--- Supplied data ---

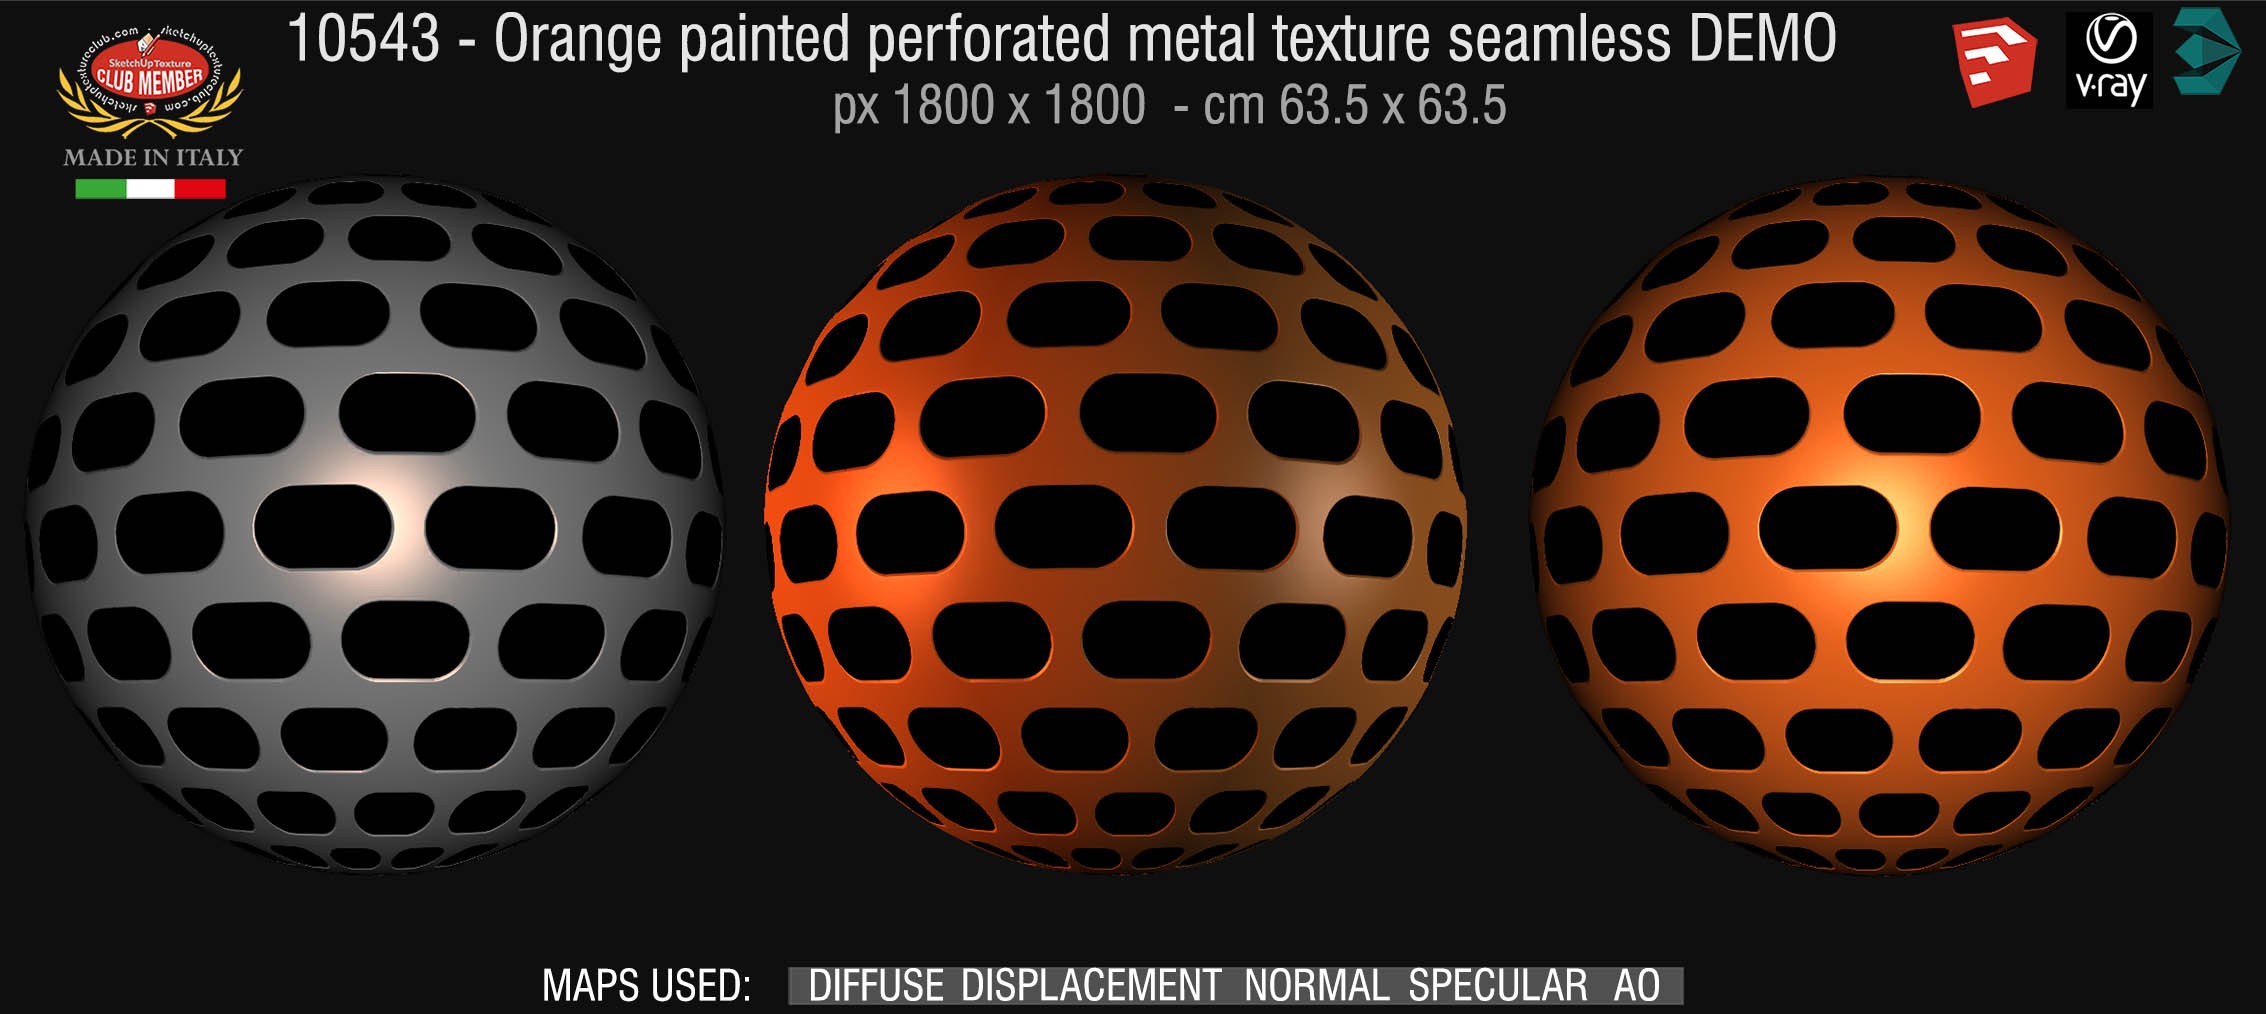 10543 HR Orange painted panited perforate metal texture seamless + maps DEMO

---
--- Supplied data ---

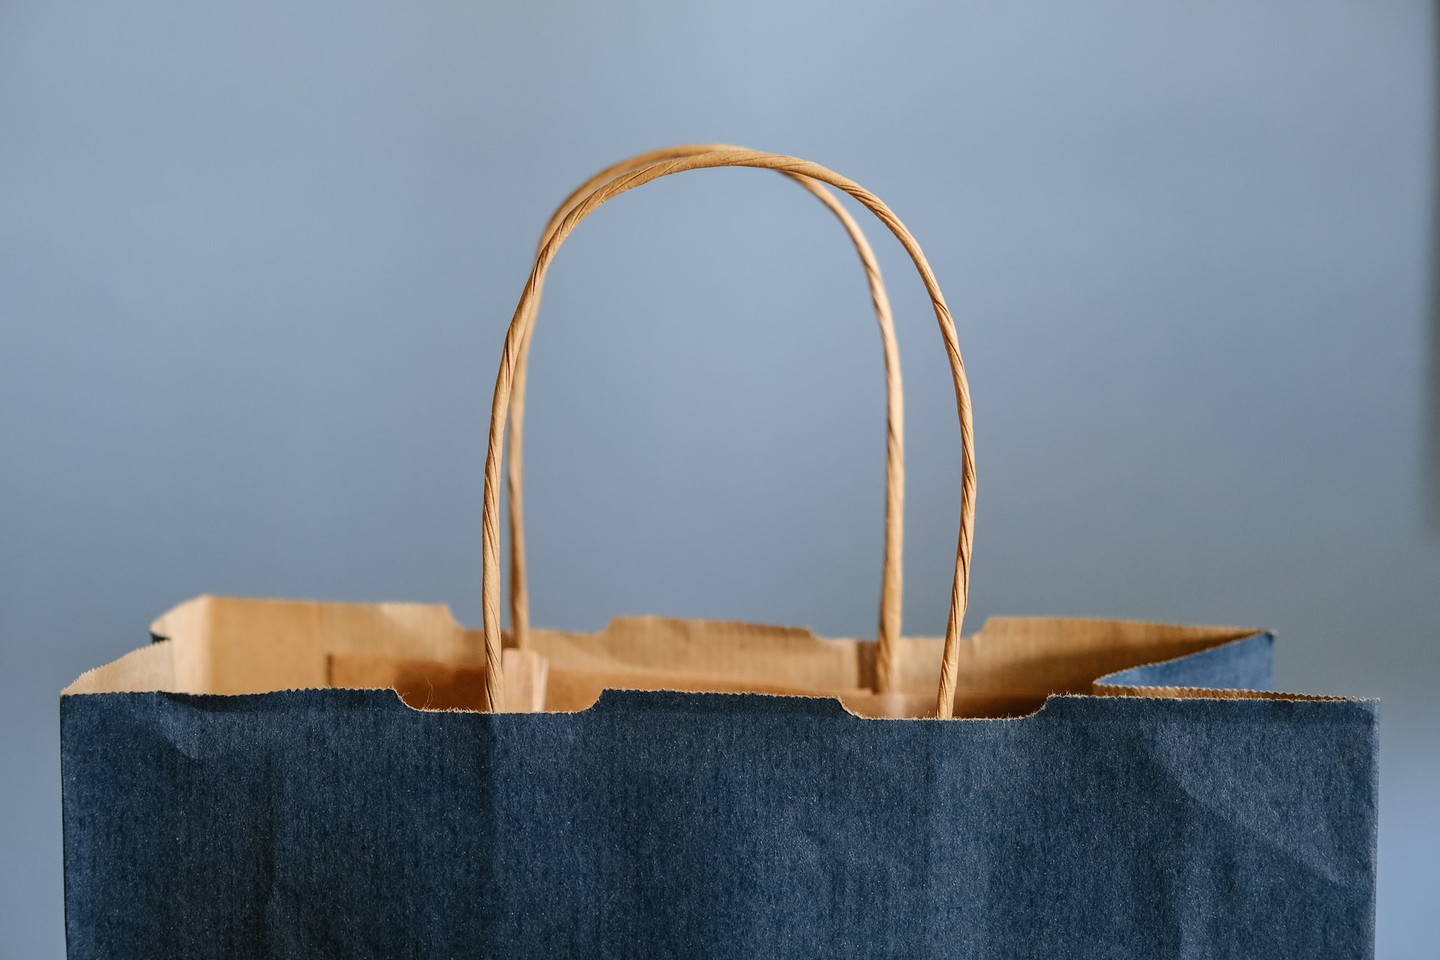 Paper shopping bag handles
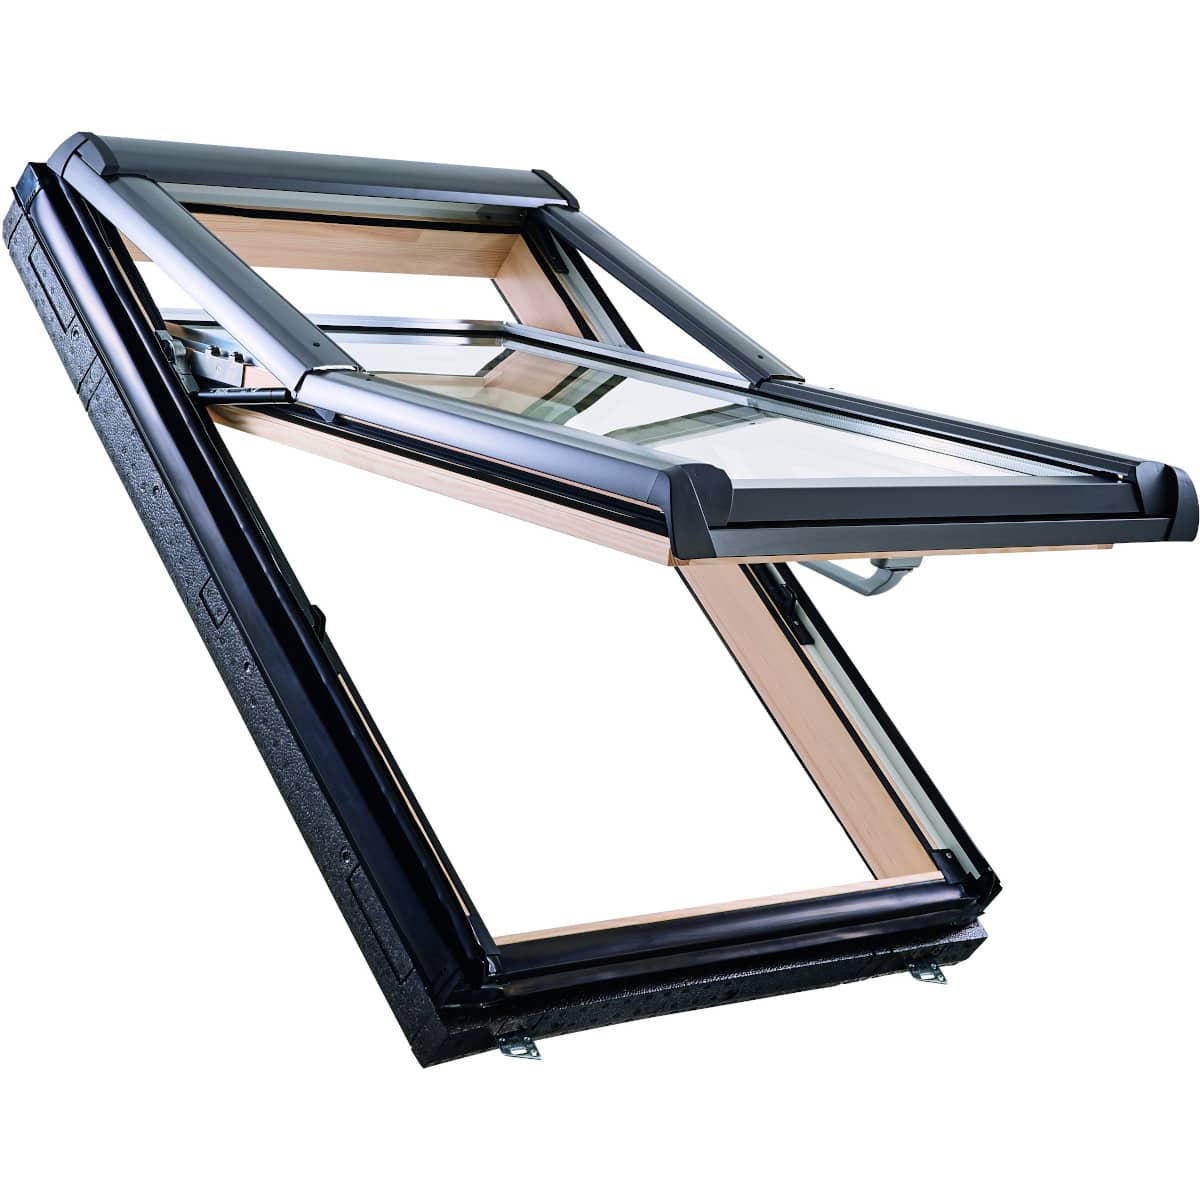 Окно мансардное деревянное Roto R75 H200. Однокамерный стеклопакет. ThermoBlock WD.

---
--- Supplied data ---

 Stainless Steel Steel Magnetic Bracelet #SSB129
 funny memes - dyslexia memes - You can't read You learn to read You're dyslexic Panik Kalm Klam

---

* Exercise instructions
In the entries above, find the line with "Stainless Steel Steel" and the line with "funny memes - dyslexia", then set down exactly those two and every line between them, nothing else.

* Answer box
 Stainless Steel Steel Magnetic Bracelet #SSB129
 funny memes - dyslexia memes - You can't read You learn to read You're dyslexic Panik Kalm Klam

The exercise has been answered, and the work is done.